Abstracts presented at the American Academy of Allergy, Asthma & Immunology conference examined how ethnic and language barriers in respiratory care affect Hispanic patients, with results showing the need for improved asthma care.
How ethnic and language barriers in respiratory care affect Hispanic patients were presented at the American Academy of Allergy, Asthma & Immunology conference, with results showing the need for improved asthma care.
How language barriers affect Spanish-speaking patients in the United States
What is the impact of language on asthma outcomes when a patient’s first language is not English? Researchers at the University of Texas Medical Branch and Oklahoma State University Center for Health Sciences reported updated clinical outcomes of Hispanic Spanish speakers in the United States.1
Data for the cross-sectional analysis of Hispanic patients aged 18 years and older with asthma came from a survey in 2018 and 2019. Primary language was determined by the language in which the survey was conducted, and researchers adjusted for age, sex, income, education, and health insurance status to determine the odds ratio (OR) and adjusted odds ratio (AOR), respectively.
Most of the participants were female and low income, with a mean age of 44 years.
Of a total of 1847 patients, Hispanic Spanish speakers were more likely to have an emergency asthma-related visit in the past 12 months (OR, 1.78; 95% CI, 1.02-3.1), sleep disturbances (OR, 2.07; 95% CI, 1.11-3.87), and to have missed work due to their symptoms (AOR, 1.89; 95% CI, 1.1-3.24), compared with White patients.
Although there was no difference between the 2 groups when it came to the likelihood of having been prescribed asthma medications or having an asthma action plan, researchers said the results still call for improved interpreter services.
Asthma mortality by place of death
It is already known that asthma places a heavier mortality burden on non-Hispanic Black individuals and residents of Puerto Rico compared with White individuals.

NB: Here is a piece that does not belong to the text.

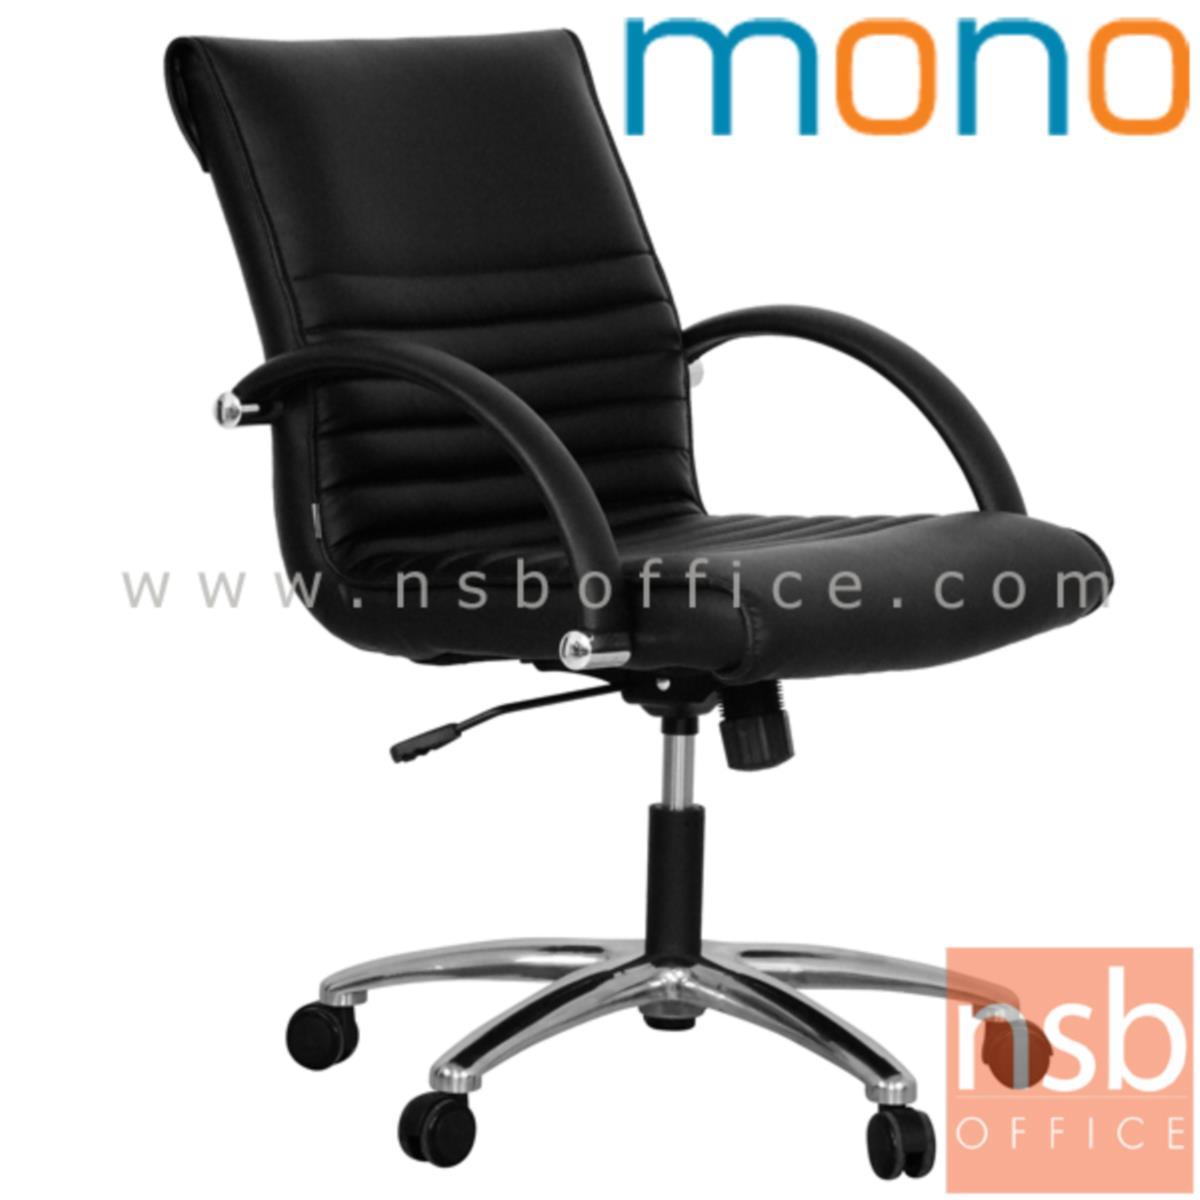 เก้าอี้สำนักงาน  รุ่น LANDER LD/M   โช๊คแก๊ส มีก้อนโยก ขาอลูมิเนียม

Researchers from the University of Puerto Rico analyzed National Center for Health Statistics data that sought to examine the differences in place of death stratified by hospital or non-hospital settings.2 Adjusted logistic regression models for hospital asthma deaths were conducted to determine links between races/ethnicities and place of death.
Results showed that Black, Puerto Rican, and older-aged individuals have a higher risk of dying from asthma comorbidities across hospital and non-hospital settings. A total of 27,458 asthma-related deaths were reported from 2011 to 2018, in which 51.9% were in hospitals.
Puerto Rican individuals had the highest age-standardized asthma death rates at non-hospital settings (ASR, 9.99; 95% CI, 9.05-11.00), while Black individuals had the highest age-standardized asthma death rates at hospitals (ASR ,12.70; 95% CI, 12.36-13.06).
Additionally, Puerto Rican females (aged 65 or more) showed 37% higher odds of hospital asthma death (adjusted odds ratio, 51.37; 95% CI, 0.97-1.93) than non-Hispanic White individuals.
Non-Hispanic White individuals had the lowest rates of death from asthma both in and out of the hospital.
The findings illustrate the need for “access to high-quality acute asthma care,” the researchers said.
References
1. Greiner B, Cronin K, Salazar L, et al. Asthma related disparities in emergency department usage and clinical outcomes among Spanish speakers. Abstract presented at: American Academy of Allergy, Asthma & Immunology; February 25, 2023. San Antonio, Texas. Session 235.
2. Serrano-Santiago S, Gonzalez-Sepulveda L, Telon-Sosa B, et al. Disparities in asthma place of death among races and ethnicities in the United States and Puerto Rico. Abstract presented at: American Academy of Allergy, Asthma & Immunology; February 25, 2023. San Antonio, Texas. Session 221.